Analysis of behavioral, cellular, and anatomical events associated with photic entrainment of circadian rhythms in rats.

摘要

Two general research questions were investigated in the present thesis. First, are there cellular changes in protein expression that are uniquely associated with photic entrainment? Second, which subset of retinal afferents is necessary for the transmission of photic information to the SCN? The experiments aimed at answering the first question revealed a unique pattern of Fos protein immunoreactivity in the SCN shell in response to entraining light. Specifically, light suppressed Fos protein expression in the shell region whilst inducing it in the core of rats receiving light at dawn or dusk.
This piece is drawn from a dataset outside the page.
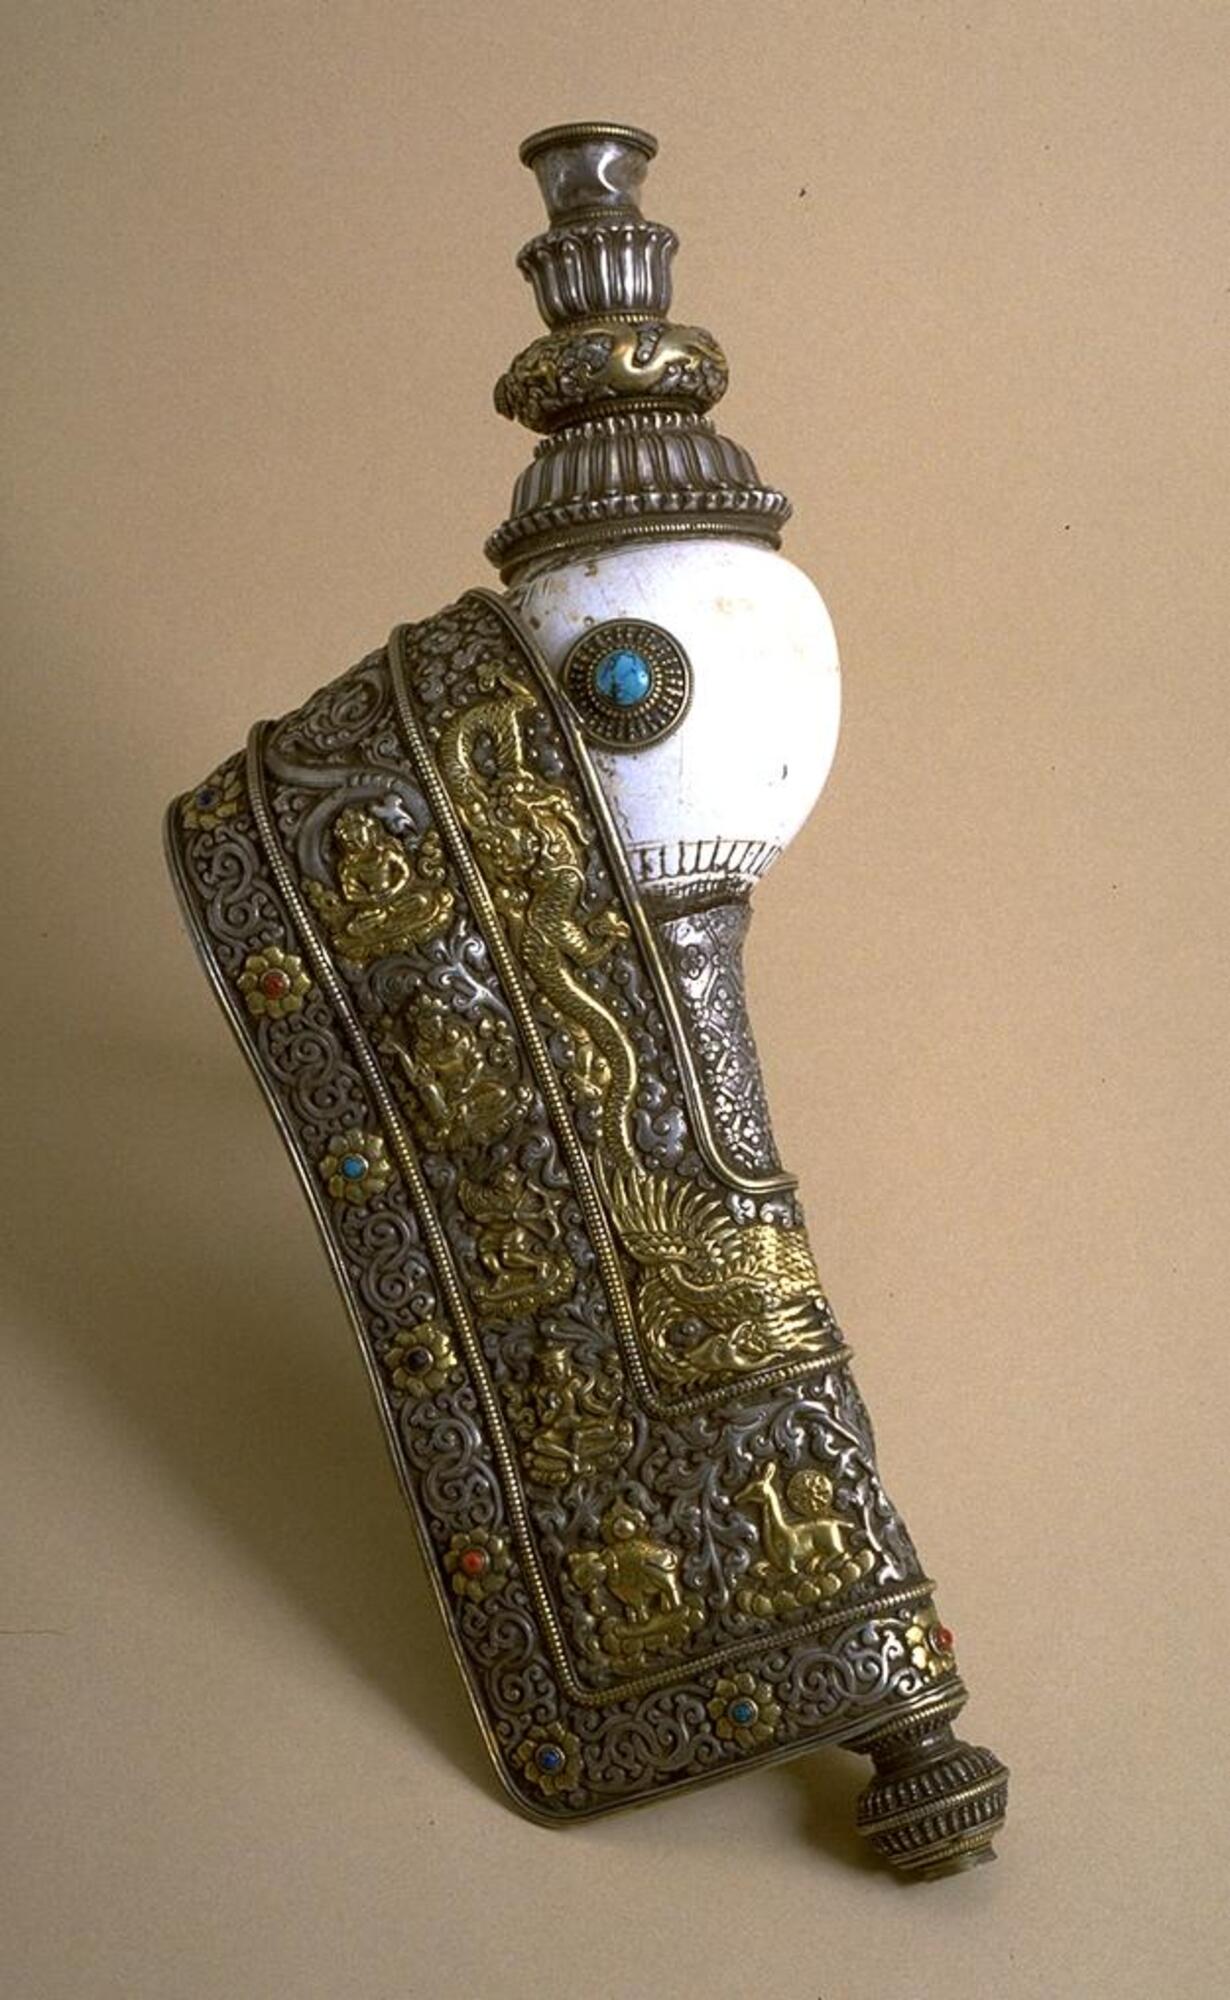 An elaborately decorated conch shell trumpet, with extensions and a side chamber made from silver, inlaid with other precious metals and semi-precious stones of turquoise, lapiz lazuli, and mountain coral.

This complex pattern of Fos expression was also present in animals treated neonatally with monosodium glutamate (MSG), an animal model of retinal degeneration that spares photic entrainment. Further, the expression of the protein product of the clock gene Per2 was found to be rhythmic within the SCN core and shell and unaffected by entraining light. Finally, behavioral arrhythmicity produced by constant bright light exposure was found to be associated with a complete disruption of the cellular rhythm of Per2 and Fos expression in the SCN. The experiments attempting to provide answers to the second question revealed that the retinal projection to the SCN is heterogeneous and that none of the retinal fiber phenotypes examined (fibers bearing the p75 neurotrophin receptor or melanopsin) is necessary to mediate photic entrainment. In conclusion, photic entrainment is a unique event characterized by cellular changes in protein expression that differ from those induced by discrete light-induced phase shifts. Further, retinal ganglion cells of all the different phenotypes appear to contribute to the transmission of the photic input to the circadian clock in a generally redundant manner. (Abstract shortened by UMI.)